NGINX Ingress Controller exposes Prometheus metrics:

Request rate per service
Request duration percentiles
Error rates (4xx, 5xx)
Bytes transferred
Upstream response time

Grafana dashboards: NGINX Ingress Controller (official dashboard ID: 9614)

Deployment Configuration

NGINX Ingress Controller Helm Values:

controller:
  replicaCount: 3

  resources:
    requests:
      cpu: 100m
      memory: 128Mi
    limits:
      cpu: 500m
      memory: 512Mi

  service:
    type: LoadBalancer
    annotations:
      service.beta.kubernetes.io/aws-load-balancer-type: "nlb"
      service.beta.kubernetes.io/aws-load-balancer-cross-zone-load-balancing-enabled: "true"

  metrics:
    enabled: true
    serviceMonitor:
      enabled: true

  config:
    use-forwarded-headers: "true"
    compute-full-forwarded-for: "true"
    use-proxy-protocol: "false"
    enable-real-ip: "true"
    proxy-body-size: "50m"
    ssl-protocols: "TLSv1.2 TLSv1.3"
    ssl-ciphers: "ECDHE-ECDSA-AES128-GCM-SHA256:ECDHE-RSA-AES128-GCM-SHA256:ECDHE-ECDSA-AES256-GCM-SHA384:ECDHE-RSA-AES256-GCM-SHA384"

  podAnnotations:
    prometheus.io/scrape: "true"
    prometheus.io/port: "10254"

Consequences

Positive

Cloud Agnostic: NGINX Ingress works identically across AWS, Azure, GCP, and on-premises
Mature & Proven: Battle-tested in production at massive scale, large community support
Feature Rich: Comprehensive feature set including rate limiting, WebSocket, authentication
Observable: Native Prometheus metrics integration
Flexible Routing: Supports both path-based and subdomain-based routing strategies
Cost Effective: Open source with no licensing costs
Well Documented: Extensive documentation, examples, and community resources
Security Hardened: Regular security updates, CVE tracking, hardening guides available
GitOps Friendly: Declarative YAML configuration fits ArgoCD workflow
Learning Friendly: Simple annotation-based configuration good for dojo learners

Negative

Resource Overhead: NGINX controller pods consume cluster resources (mitigated by proper sizing)
Single Point of Failure: Requires 3+ replicas for high availability
Configuration Complexity: Advanced features require learning NGINX-specific annotations
Path-Based Routing Limitations: Some applications (like Mattermost) work better with subdomain routing
Certificate Management Dependency: Requires cert-manager for automated TLS (adds complexity)
Reload on Configuration Change: Configuration changes trigger NGINX reload (brief traffic disruption)

Neutral

Load Balancer Costs: Cloud load balancers incur costs (AWS NLB ~$16/month + data transfer)
Monitoring Overhead: Requires Prometheus/Grafana for observability
DNS Management: Subdomain routing requires wildcard DNS or multiple A records
Learning Curve: Platform team must understand NGINX configuration paradigms

Alternatives Considered

Alternative 1: Traefik

Pros:

Native Let's Encrypt integration (no cert-manager needed)
Dynamic configuration via labels
Built-in dashboard for traffic visualization
Smaller resource footprint
Excellent WebSocket support
Modern, actively developed

Cons:

Smaller community compared to NGINX
Less enterprise adoption
More limited advanced features (rate limiting, WAF)
Documentation less comprehensive for complex scenarios
Fewer third-party integrations

Reason for Rejection: While Traefik is excellent and modern, NGINX Ingress has broader enterprise adoption, more comprehensive documentation for complex scenarios, and better alignment with DORA best practices documentation. The larger community makes it easier for Fawkes learners to find troubleshooting resources.

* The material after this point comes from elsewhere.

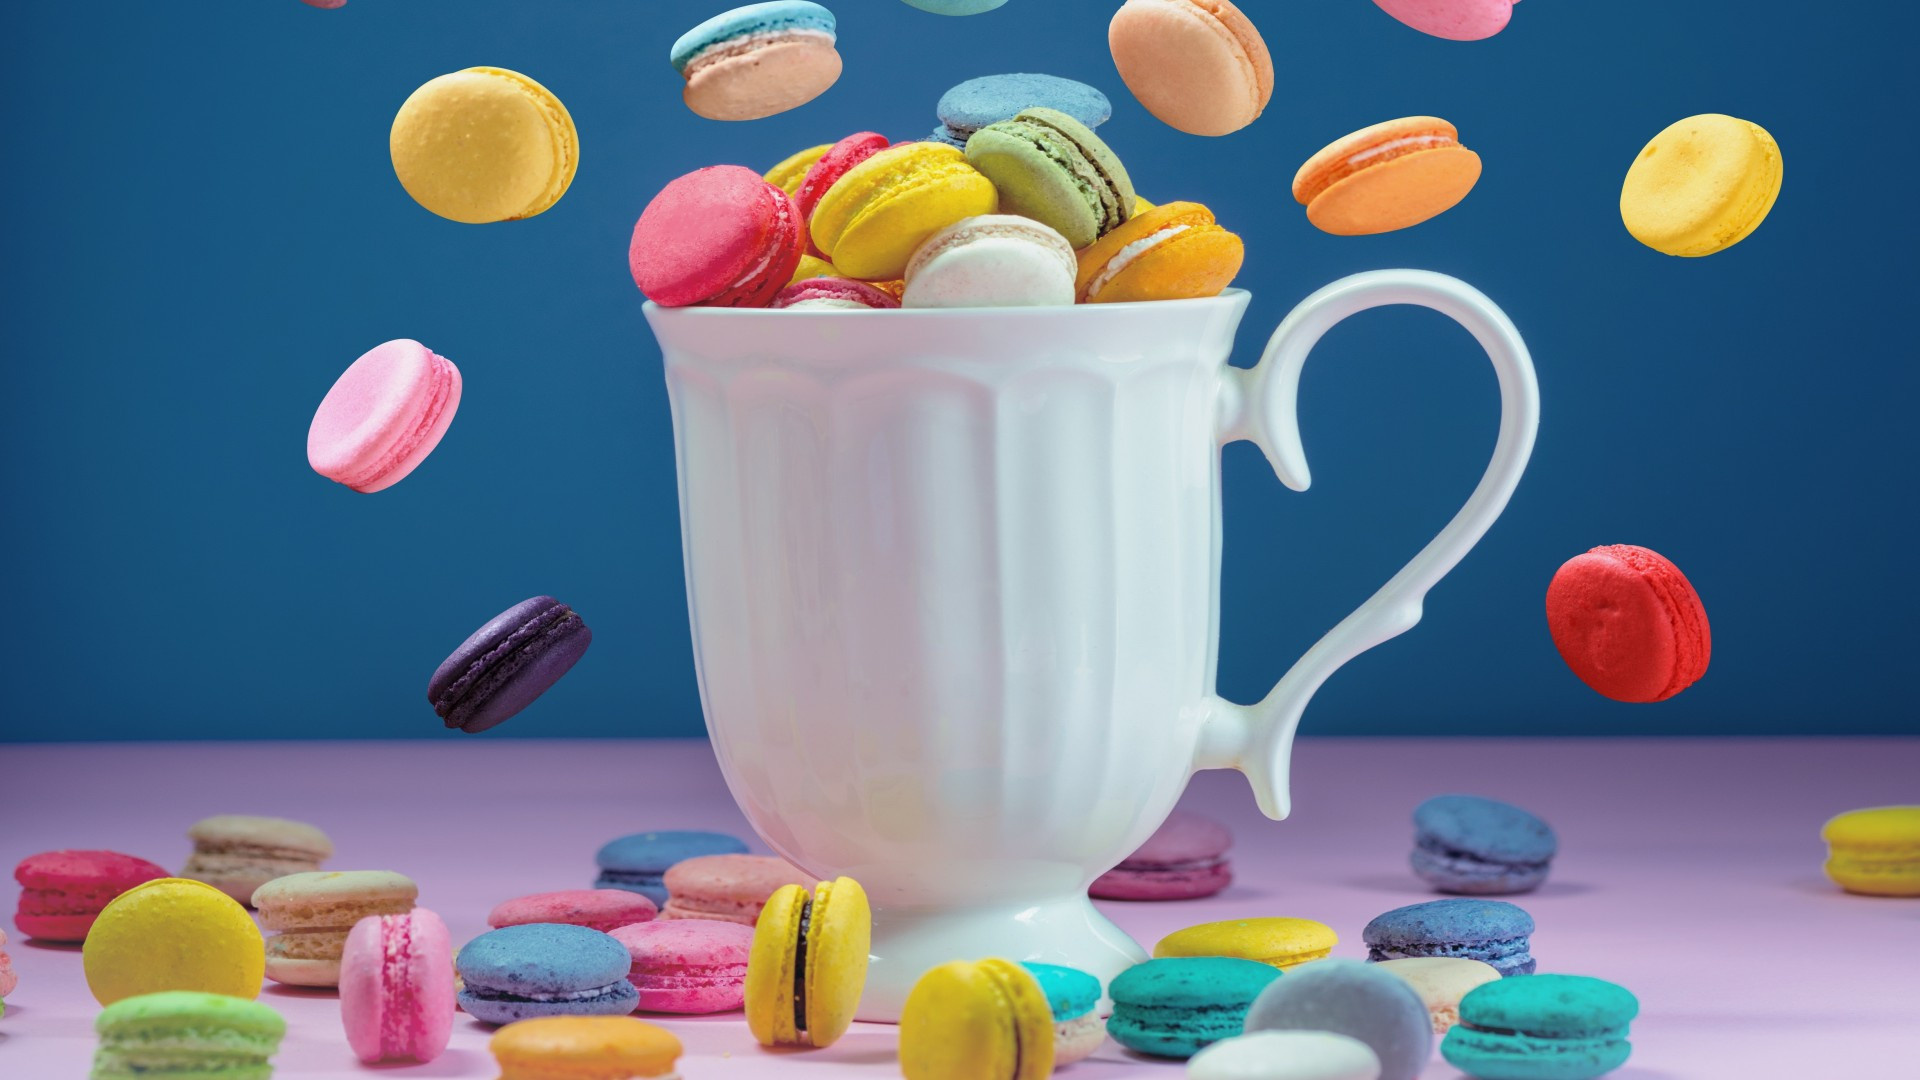 Macaron: A type of cookie that has become popular worldwide, Cup, Pastry, Sweets. 1920x1080 Full HD Background.

Alternative 2: Istio/Envoy Service Mesh

Pros:

Full service mesh capabilities (mTLS, traffic management, observability)
Advanced traffic routing (A/B testing, canary, circuit breaking)
Superior observability (distributed tracing, detailed metrics)
Built-in security (zero-trust networking)
Envoy is modern, high-performance proxy

Cons:

Significant complexity overhead (steep learning curve)
High resource consumption (sidecar for every pod)
Operational burden (control plane management, upgrades)
Overkill for ingress-only use case
Adds 6-8 weeks to MVP timeline
Too complex for learner environments

Reason for Rejection: Service mesh capabilities are valuable but represent over-engineering for MVP. Fawkes needs ingress management, not full service mesh. Istio/Envoy can be considered post-MVP as "Advanced Networking" module in Brown Belt curriculum.

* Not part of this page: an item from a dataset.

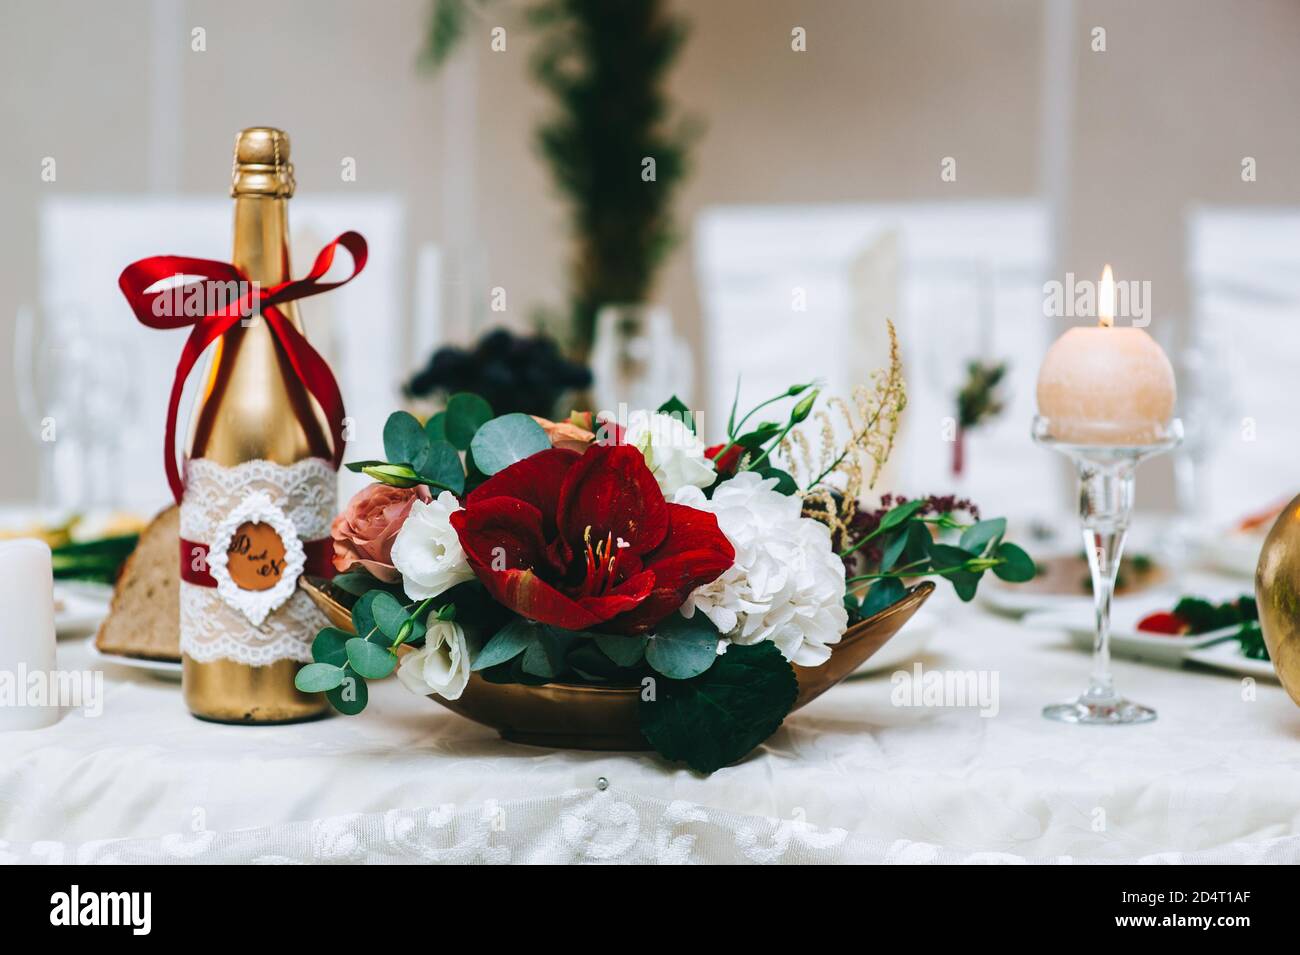 Close up of a flower arrangement in red tones in a gold stand stands on a table. Stock Photo

Alternative 3: Kong Ingress Controller

Pros:

API gateway features (rate limiting, authentication, transformation)
Plugin ecosystem for extensibility
Enterprise version available with support
Good for API-heavy platforms
Lua-based customization
Built-in developer portal

Cons:

More complex than pure ingress controller
Requires PostgreSQL for production (additional dependency)
Licensing considerations (enterprise features)
Smaller community than NGINX
API gateway features not needed for internal platform

Reason for Rejection: Kong's strength is API management, which is not a primary Fawkes requirement. The additional complexity and PostgreSQL dependency don't provide sufficient value for our use case. NGINX provides everything we need without API gateway overhead.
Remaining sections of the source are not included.